In the days of Radio's infancy - the 1920s and
early 1930s - radio manufacture and rebuild was
very much the province of wood workers (including
cabinet and furniture makers). The chassis for
mounting components and the speaker cabinets were
mostly made of wood. I think tool sets such as the
Yankee No. 106 would have been used by professional
component installers and repairmen rather than
those doing their own household repairs. My father
was a tinkerer by nature and he took on repairing
radios for family members and friends during the
1930s. He didn't own an elaborate tool set like the
YANKEE No. 106 - he just made do with the tools he
had. I used to help him on occasion - I built my
first crystal radio set in 1938.









*1925 Advertisement
*
James


----------



## knotscott (Nov 8, 2007)

That's really cool! :thumbsup:


----------



## Joeb41 (Jun 23, 2012)

That is really nice, I have never heard of those tools and the prices are good!


----------



## cabinetman (Jul 5, 2007)

That's a very unique set of tools and case. I've never seen a complete set at flea markets or garage/yard sales. I have bought that Yankee by itself .









 







.


----------



## jamesicus (Nov 24, 2010)

cabinetman said:


> That's a very unique set of tools and case. I've never seen a complete set at flea markets or garage/yard sales. I have bought that Yankee by itself .
> 
> 
> 
> ...


They are rarely encountered. Here is a virtually new and unused set from the collection of my friend Dave Nowicki: 



















James


----------



## jamesicus (Nov 24, 2010)

Joeb41 said:


> That is really nice, I have never heard of those tools and the prices are good!

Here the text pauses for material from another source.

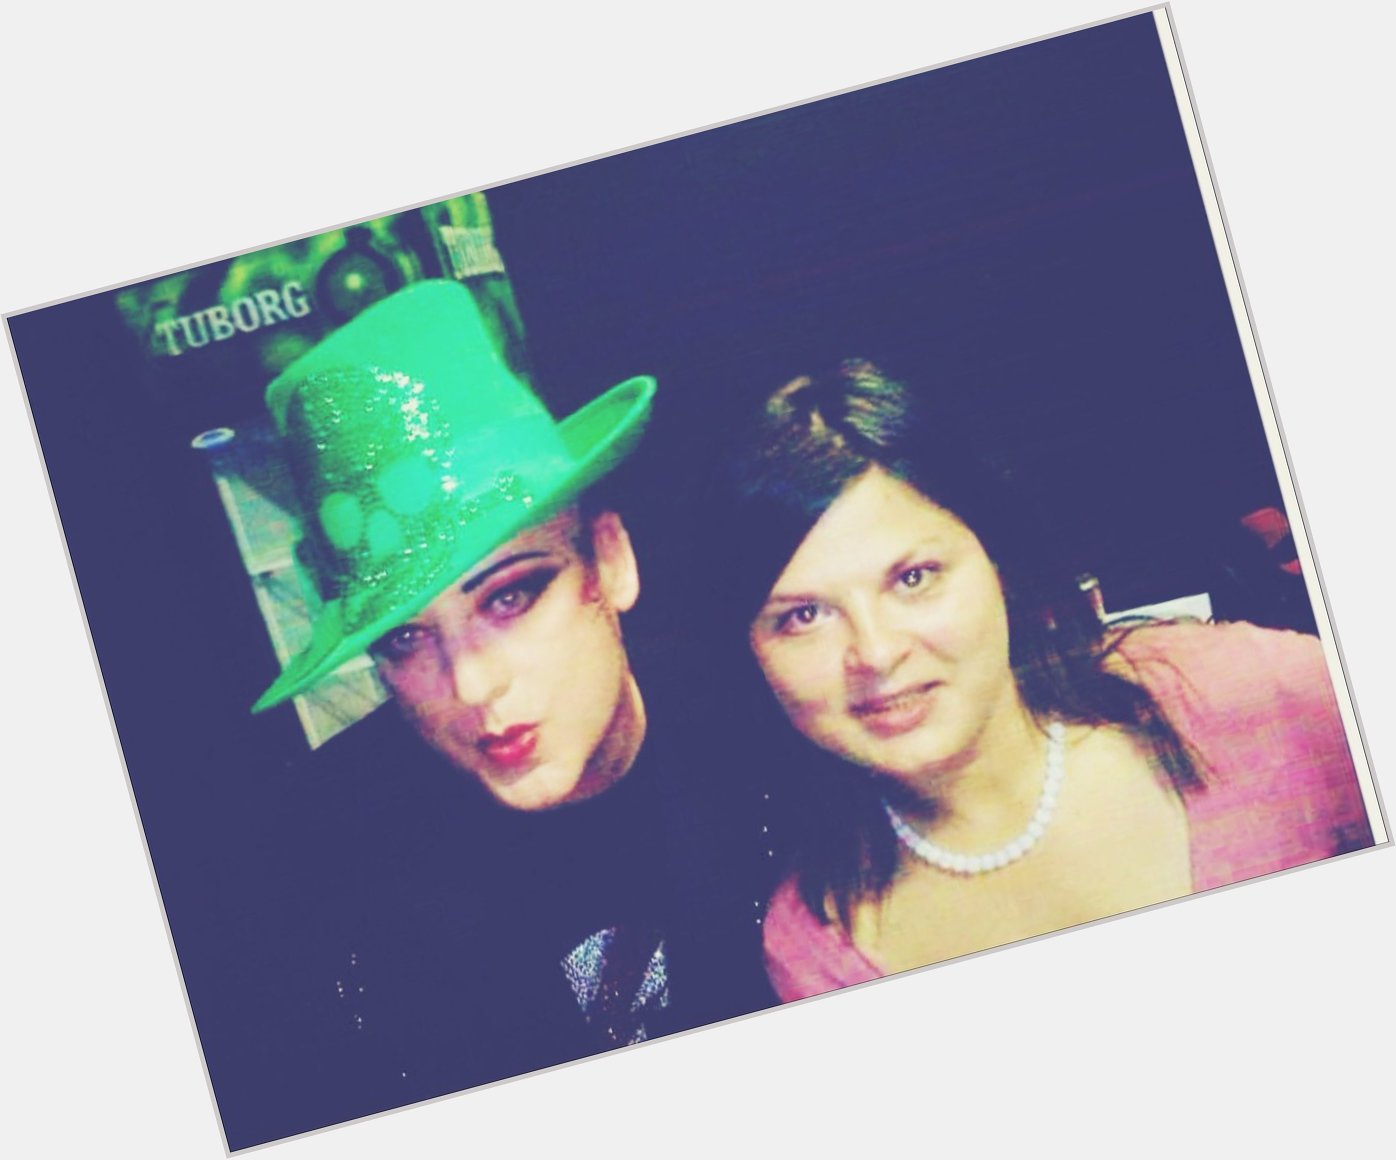   Happy Bday Boy George! My fav is Crying game And this is Foto from June-2010

Unfortunately it is a 1925 Ad. 

James


----------



## MasterSplinter (Jan 12, 2013)

Wow. That is really cool. What are you missing it looks complete.


----------



## jamesicus (Nov 24, 2010)

MasterSplinter said:


> Wow. That is really cool. What are you missing it looks complete.


I am missing the little wrench -- I substituted a contemporary chuck wrench.

Here is a new - never used - complete set (very rare) in the collection of my friend Dave Nowicki:



















James


----------



## Joeb41 (Jun 23, 2012)

jamesicus said:


> Unfortunately it is a 1925 Ad.
> 
> James


I was only kidding about the prices being good. I realize it was an old ad. Actually in 1925 they may have been thought of as expensive. :icon_smile:


----------



## jamesicus (Nov 24, 2010)

Joeb41 said:


> I was only kidding about the prices being good. I realize it was an old ad. Actually in 1925 they may have been thought of as expensive. :icon_smile:


Yes I understand, Joeb - and I agree with your last observation.

James


----------



## MasterSplinter (Jan 12, 2013)

Wow. What is the value of your friends unused set. Sweet find i must say.


----------



## jamesicus (Nov 24, 2010)

MasterSplinter said:


> Wow. What is the value of your friends unused set ..........


I don't know. These sets are quite rare and pricey though - the last one I can find offered for sale was three years ago: https://www.mjdtools.com/ToolItem.php?item=231398&list=1276

I couldn't find out what the price realized was. I don't know what Dave will eventually do with his set. I am going to pass mine on to one of my grandsons.

James


----------